Thanks! There have also been some other optimization-related changes that cause some code conflicts here but I will try manually merge some of the good ideas from this PR.
One thing that has already been done is reducing the lifetime management from metric instance to metric template level, although I am wondering if it might be feasible to kick it up even one more level to the metric factory to reduce the overhead further.
Great! Moving the the lifetime timer higher up is definitely good news. At least for me it doesn't really matter if it's global or per-template metric. I don't have thousands of meters, just many different label values.
I rebased it on the current master branch, there was only a minor conflict. Do you have these changes in a private branch?

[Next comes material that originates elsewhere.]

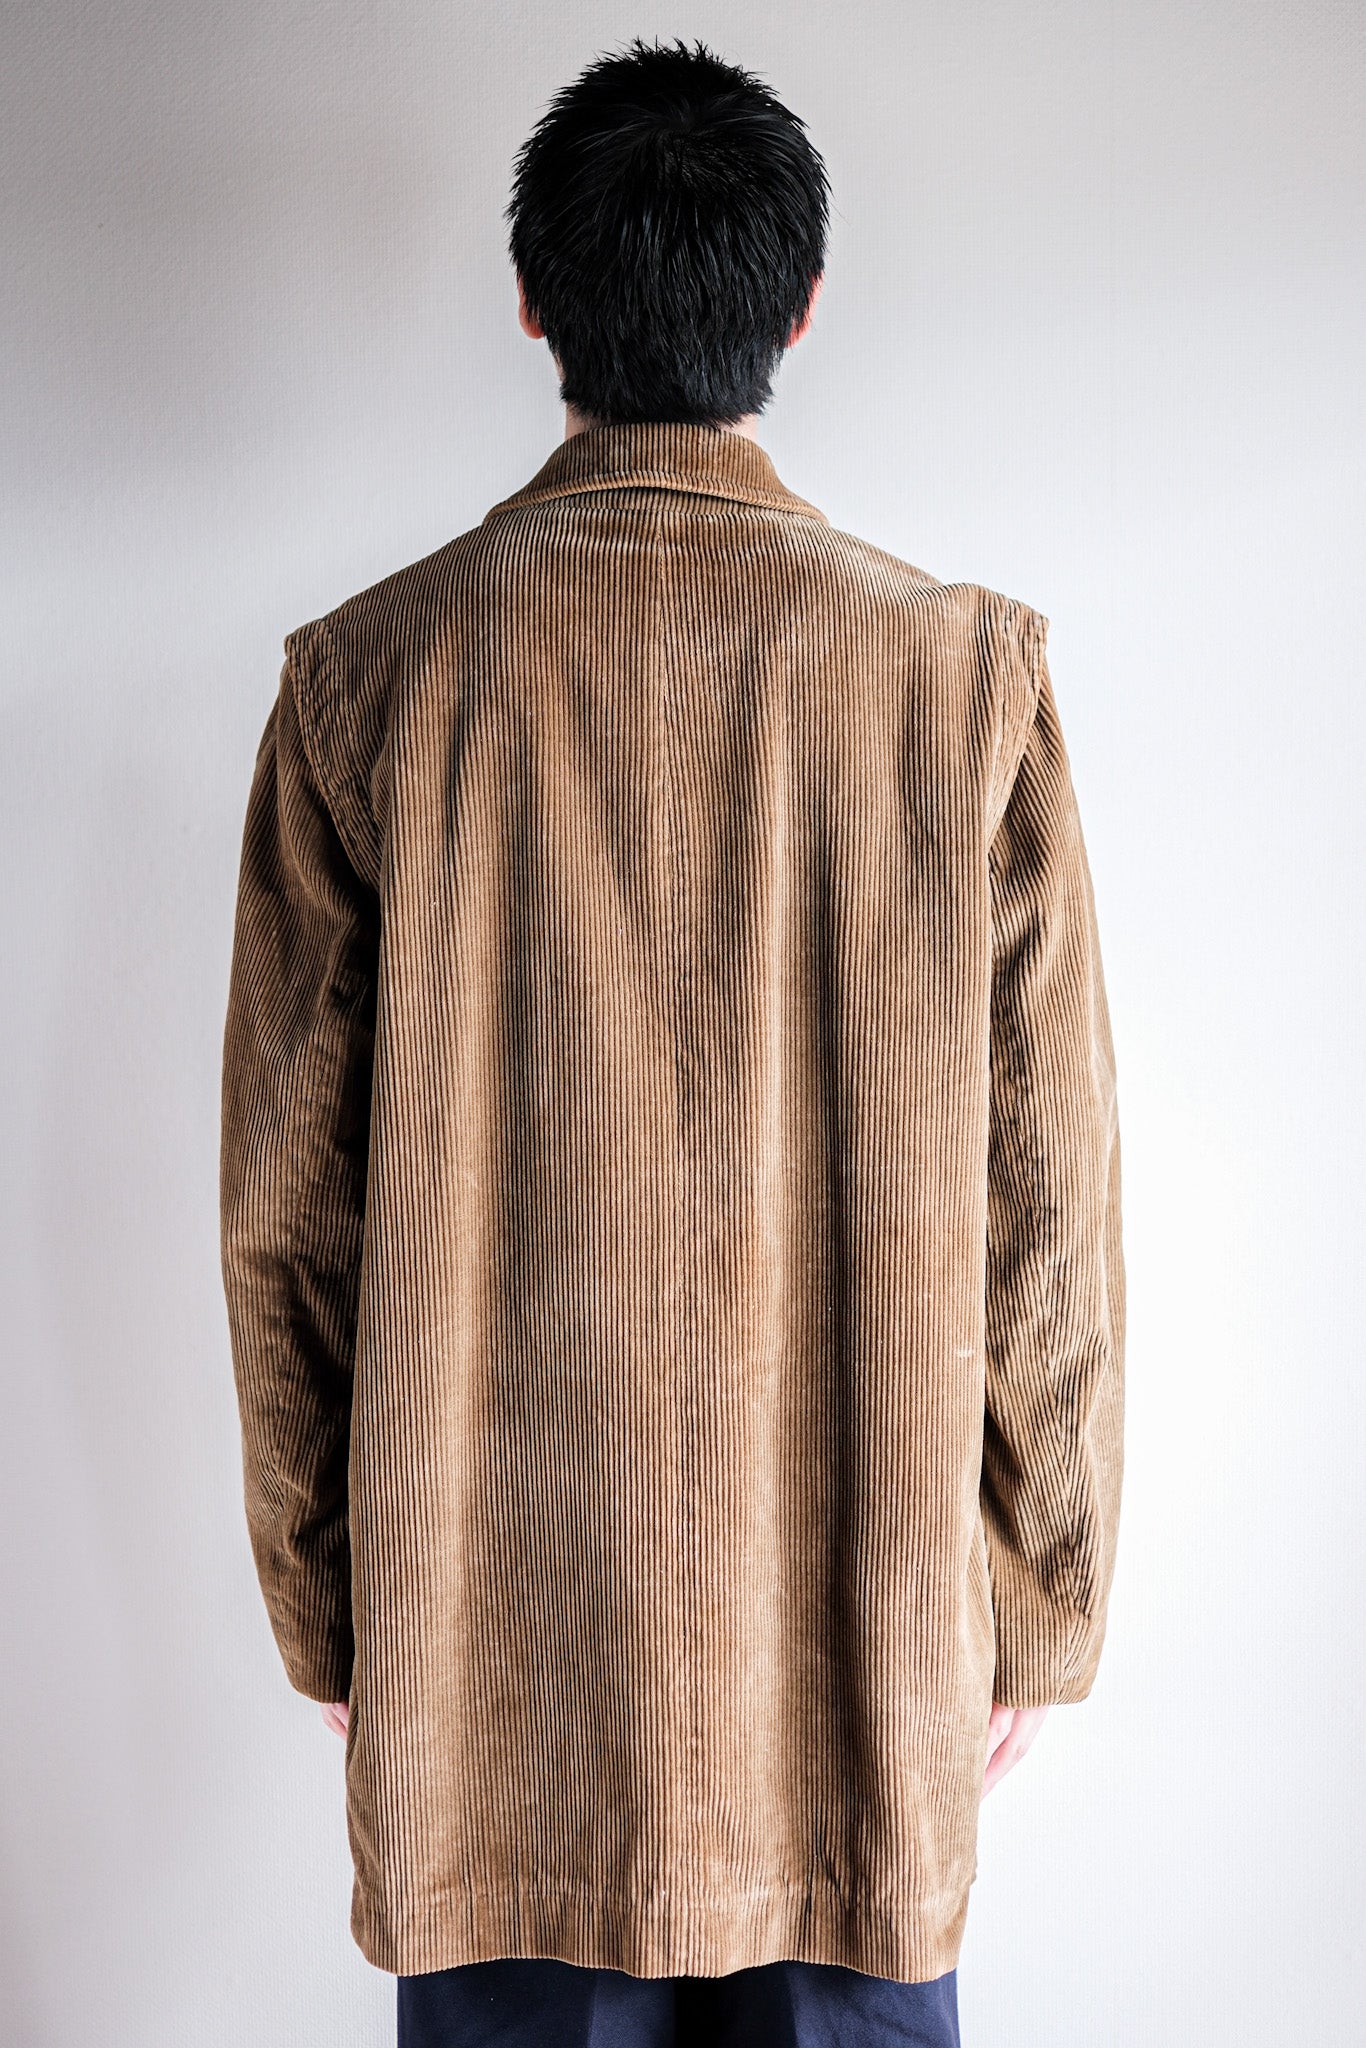 [〜80年代]舊逆變器棕色燈芯絨夾克與中國皮帶

Yeah, I am currently working in the "optimizing" branch
| Method | MeasurementCount | Mean | Error | StdDev | Allocated |
|--------------- |----------------- |---------:|---------:|---------:|----------:|
| CounterInt | 100000 | 31.15 ms | 0.336 ms | 0.314 ms | 106 B |
| CounterFloat | 100000 | 31.03 ms | 0.283 ms | 0.265 ms | 106 B |
| HistogramInt | 100000 | 32.06 ms | 0.169 ms | 0.158 ms | 106 B |
| HistogramFloat | 100000 | 31.52 ms | 0.296 ms | 0.277 ms | 53 B |
In optimizing branch the story is starting to look decent now. Thanks for peeking under the covers here, you motivated some good improvement both with your PR and with other ideas that came from this!